Achievement Award, period of 10/01/2023 to 01/25/2024
Luca Sartore
Luca Sartore proposes a novel approach to generate a synthetic multidimensional dataset while preserving implicit collinearity among variables. The proposed algorithm can efficiently generate synthetic records. He also developed new methods to calculate global utility and risk. He also displays a helpful, cooperative, and positive attitude towards coworkers. Despite the work he must do, he consistently finds ways to assist his coworkers in completing RDD projects. For SDL project, his innovative techniques to generate synthetic data and to evaluate global utility, developed in a remarkably short time frame, have immensely benefited the synthetic sub team and also the SDL team. In addition, he also provided technical expertise to the on-going research effort to identify critical timing and climate indicators to monitoring winter wheat. For SDL project, based on the new approach for synthetic data and global utility measures, two abstracts are drafted and ready for the conferences after reviews. Both of them are expected to be papers and sent to peer review journal. In addition, his contributions on the winter wheat project were invaluable to completing deadlines and milestones for the 2024 growing season.
Lu Chen
As the survey modeling sub team lead, Lu worked with team members to implement spatio-temporal models at both the state and district level, ensuring their successful integration into NASS’s data and computation environment. She identified areas for improvement and devised strategies to outperform the initial models. Through effective leadership and collaboration, Lu guided the team in implementing these enhancements. The the model performances were also compared internally and externally. She presented the results to the IMAGES team and also in the RDD seminar, demonstrating the comparisons on both state-level and district-level spatio-temporal models.
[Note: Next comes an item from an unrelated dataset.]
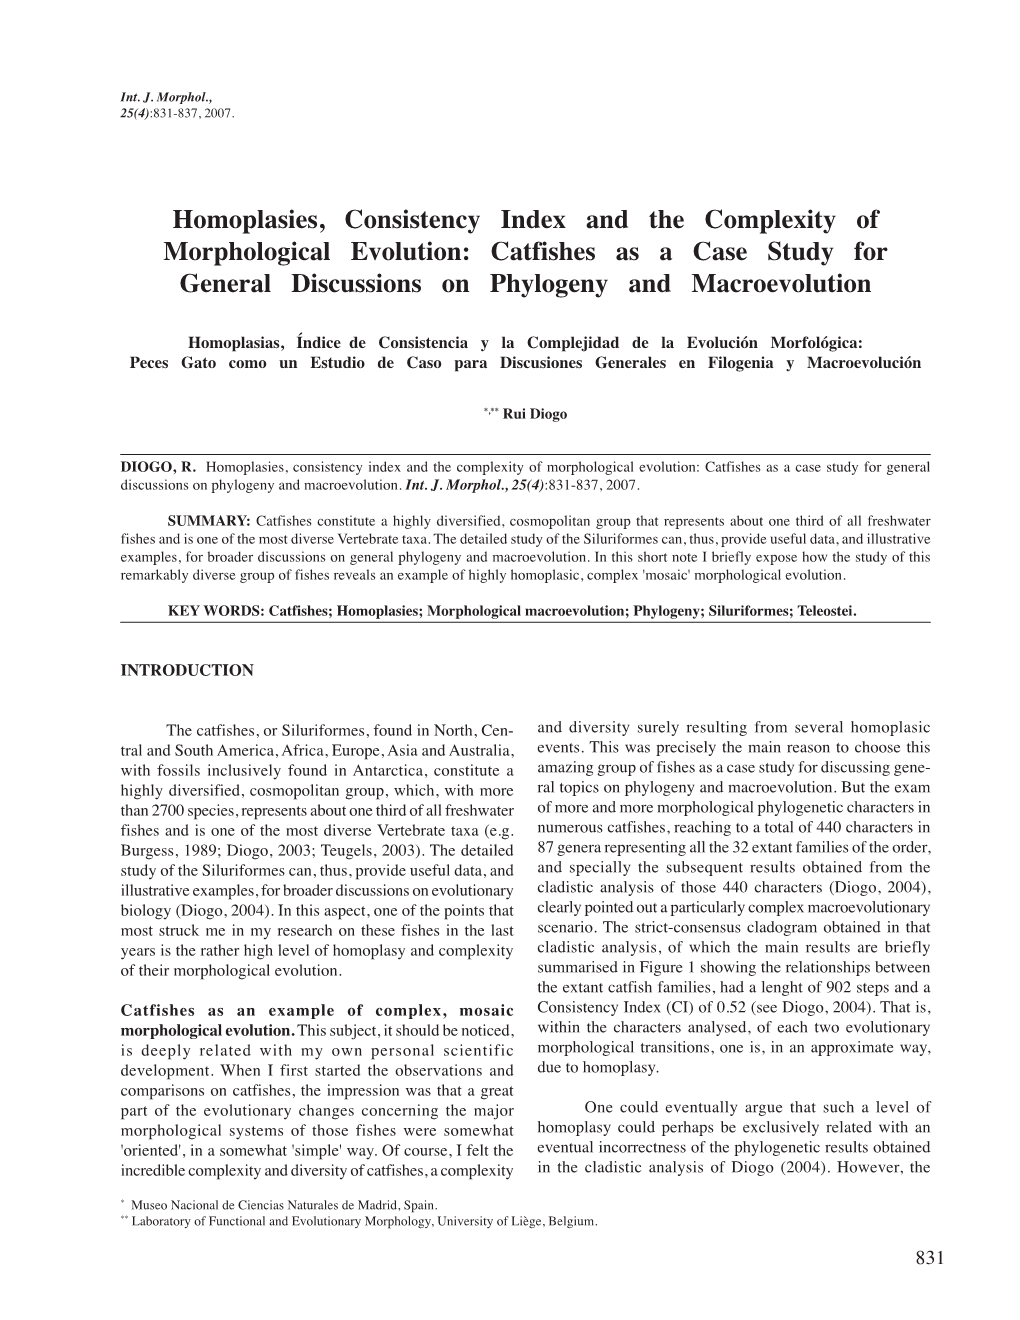 Homoplasies, Consistency Index and the Complexity of Morphological Evolution: Catfishes As a Case Study for General Discussions on Phylogeny and Macroevolution

She presented the results to the IMAGES team and also in the RDD seminar, demonstrating the comparisons on both state-level and district-level spatio-temporal models. She provided the recommendation to use the state-level model. The model could provide generally better results than the survey and even June board numbers. In addition, she actively worked and collaborated with colleagues within RDD and also from MD and SD to get insights and data for the district-level model.
Ruiyi Zhang
Ruiyi contributed to the Statistical Disclosure project by developing the audit prototype to evaluate the under-suppression by attacking the suppressed tables using only the margin total/linkage relations. Ruiyi worked on the development of the Cplex prototype to solve the Mixed-Integer-Programming model for 2d tables. Ruiyi is a team member of an IDEAL subteam to test Jimmy. Jimmy is a user interface developed to manage/share edit logic and track status of values. Ruiyi is part of the Inflation Reduction Act (IRA) Greenhouse Gas (GHG) Quantification Action Area #6 subteam, where the goal is to combat climate change to support America’s working Lands, natural resources and communities. Ruiyi joined the Sample Review Team with the purpose of NORC reviewed the sampling methodology for 83 of NASS’s surveys.
Ruiyi, as a team member of the Statistical Disclosure Limitation project, proposed a new cost in the objective function of the Mixed-Integer-Programming model for 2d tables, which can result in better data utility than minimizing pure complementary cell number of value. Ruiyi also evaluated two ways to handle 3d/linked/Hierarchical tables as follows:
a) A big Mixed-Integer-Programming model (Census Bureau/EIA) and
b) Break up into a series 2d tables and use backtracking (Current NASS/Tau-Argus Modular Algorithm).
Ruiyi exceeded expectations by completing test runs of Jimmy with crops APS data to find out its limitation and improve it. Ruiyi exceeded expectations by working as part of an inter-agency team with ERS, NRCS and ARS scientists to improve temporal and spatial coverage of national conservation activity data. Ruiyi efforts contributed to the research and implementation to reduce the CVs, cost, and respondent burden. As part of the Statistical Disclosure Limitation project, he result of Ruiyi's efforts determined that the better option is to use the Current NASS / Tau-Argus modular algorithm because of computational efficiency. Ruiyi's diligence is moving forward the research and evaluation of statistical disclosure methods. Several test runs of the Jimmy were completed, which were analyzed along with discussion of the results. As part of the team, Ruiyi contributed to the development of the current work plan, which now moves forward to an approval process through NRCS and OCE leadership. The result of Ruiyi's team work allows the Sample Review team to focus on the solutions that will have the most impact and can be implemented in 2024 or 2025 growing season.